THE TASK: Write out the lines below exactly, beginning at the one with "LED Zeppelin The Band Sweatshirt, M / Blue" and stopping after the one with "Virgo Weekly"; the pictures are not copied.

RECORD EXCERPTS:
──────────────────────────────

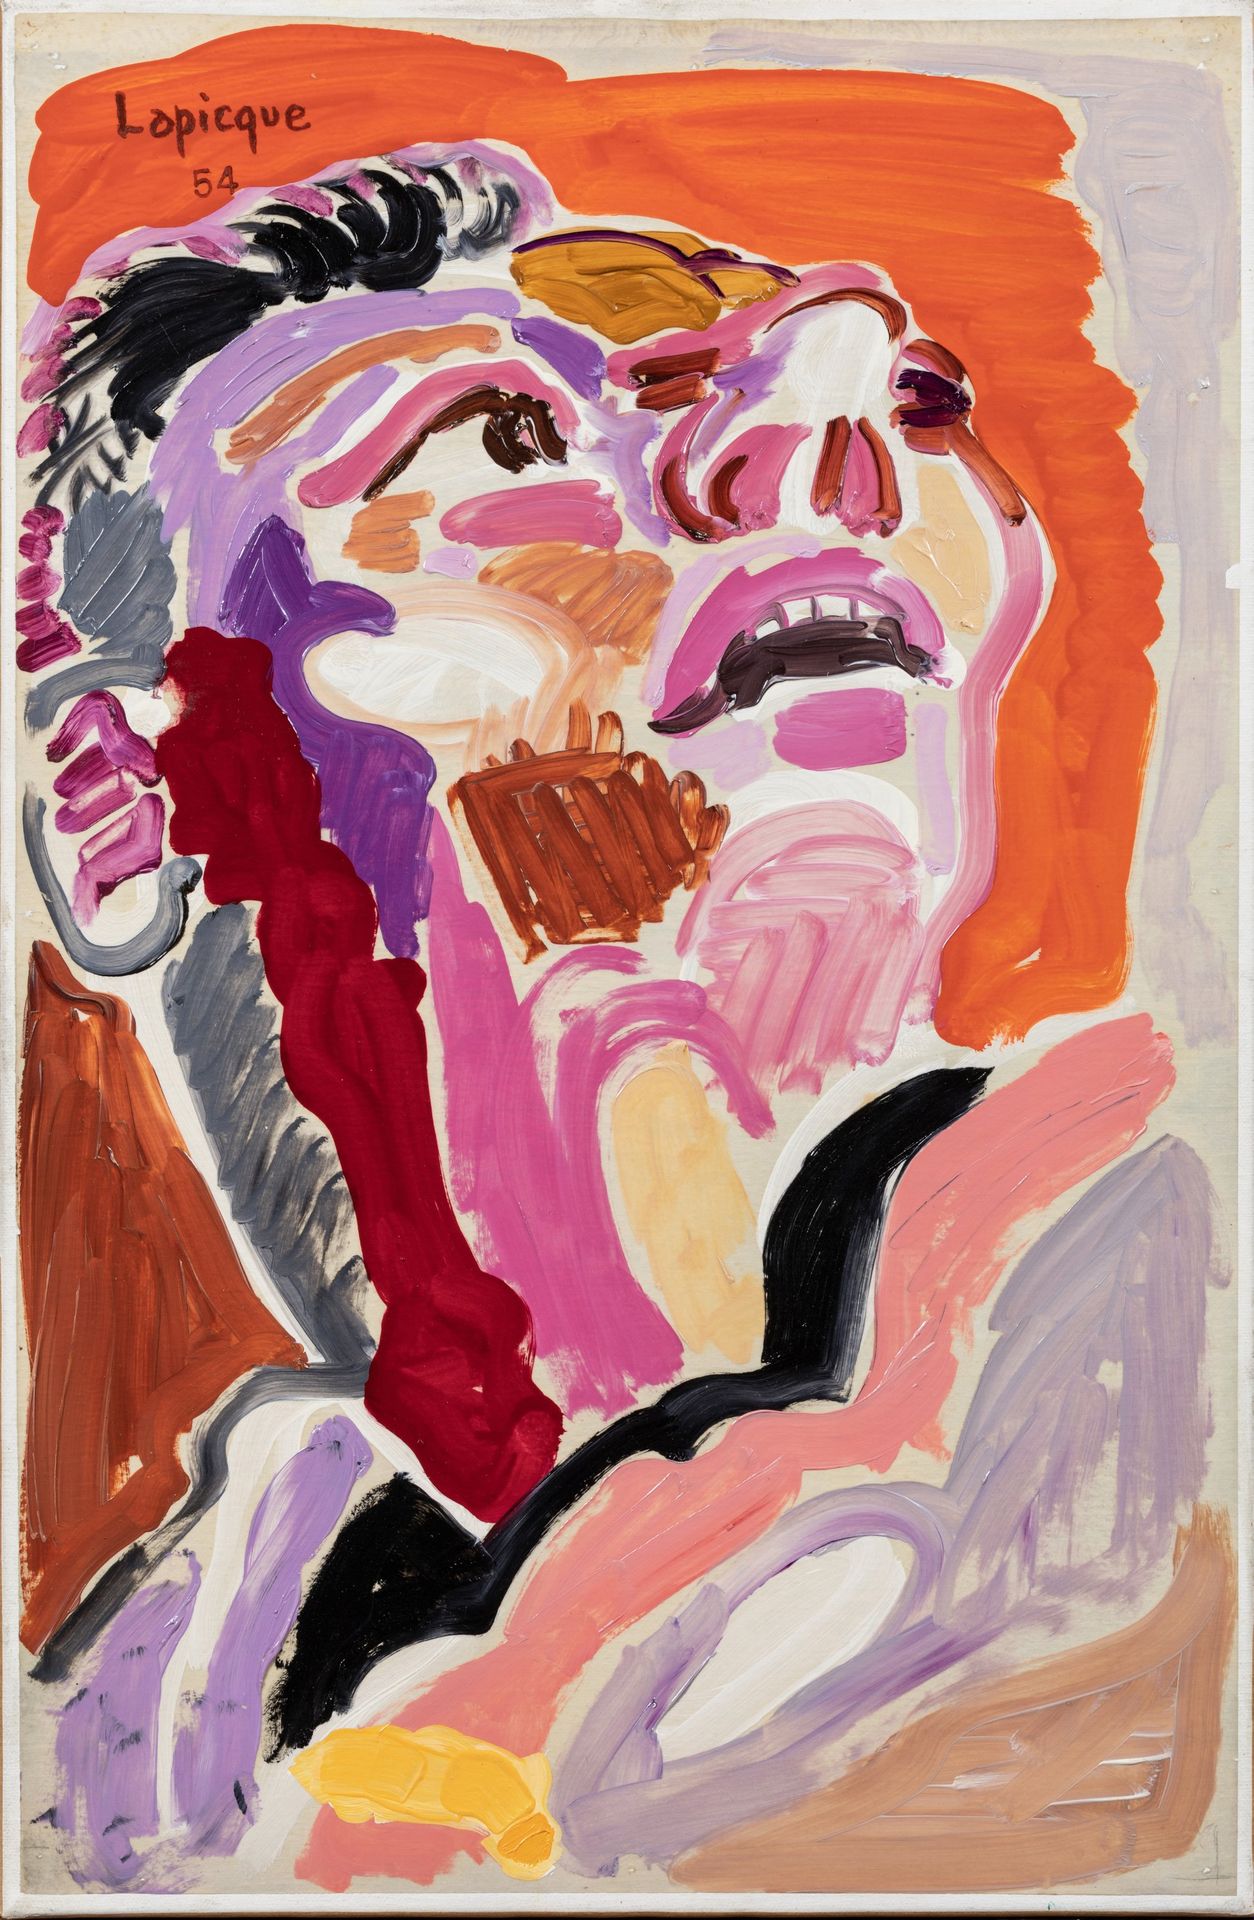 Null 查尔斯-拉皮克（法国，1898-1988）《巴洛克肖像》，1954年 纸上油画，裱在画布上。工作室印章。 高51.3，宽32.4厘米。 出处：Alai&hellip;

──────────────────────────────

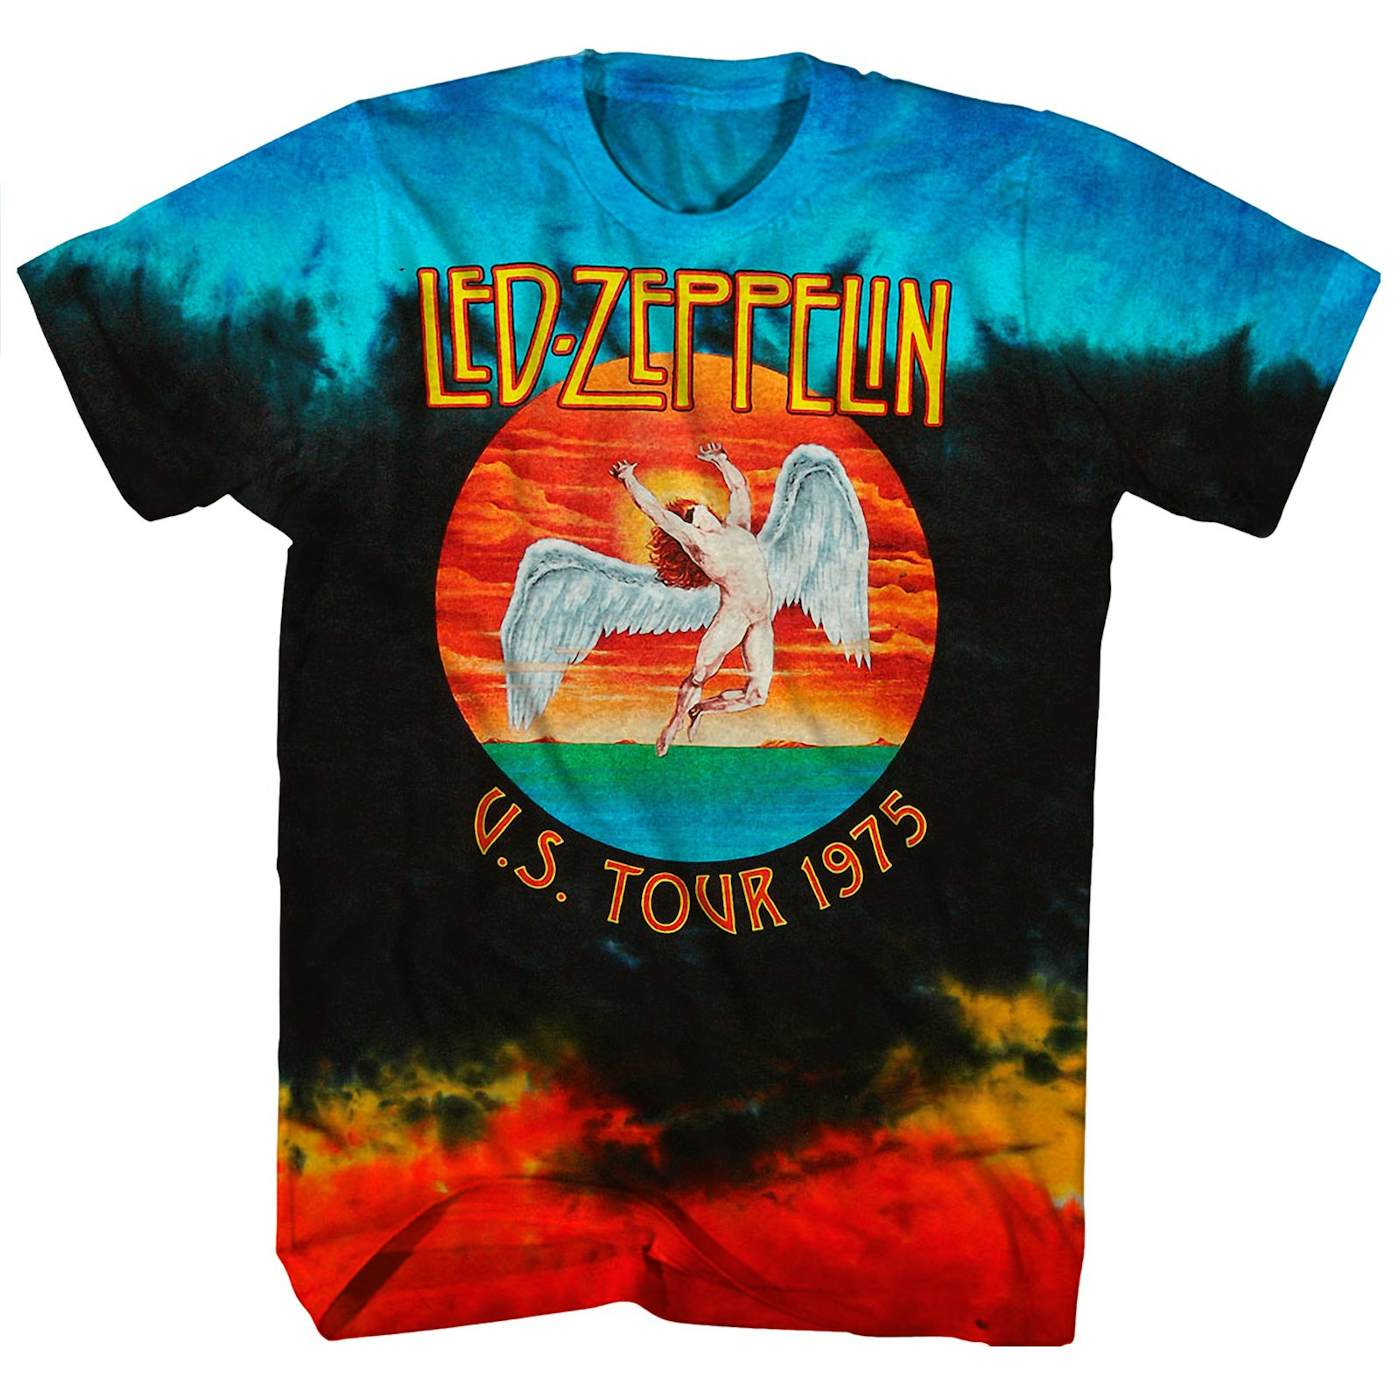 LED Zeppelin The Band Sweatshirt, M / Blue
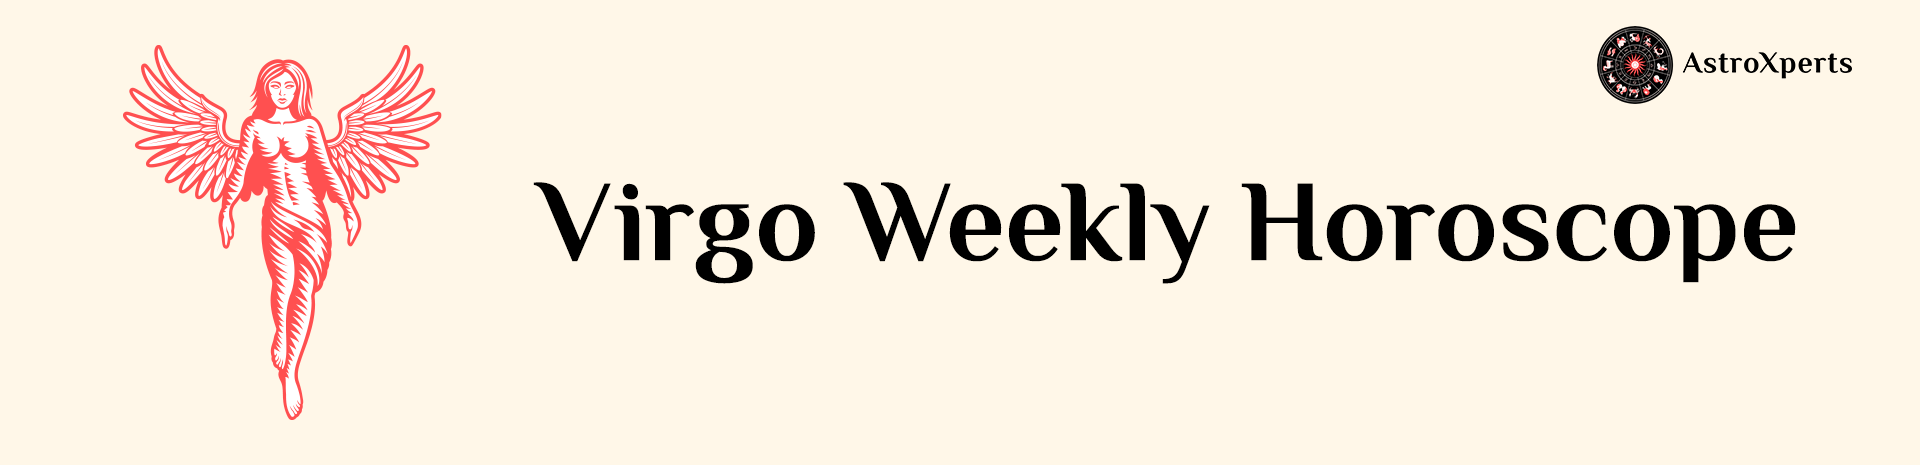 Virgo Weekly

──────────────────────────────

ANSWER SPACE:
 LED Zeppelin The Band Sweatshirt, M / Blue
 Virgo Weekly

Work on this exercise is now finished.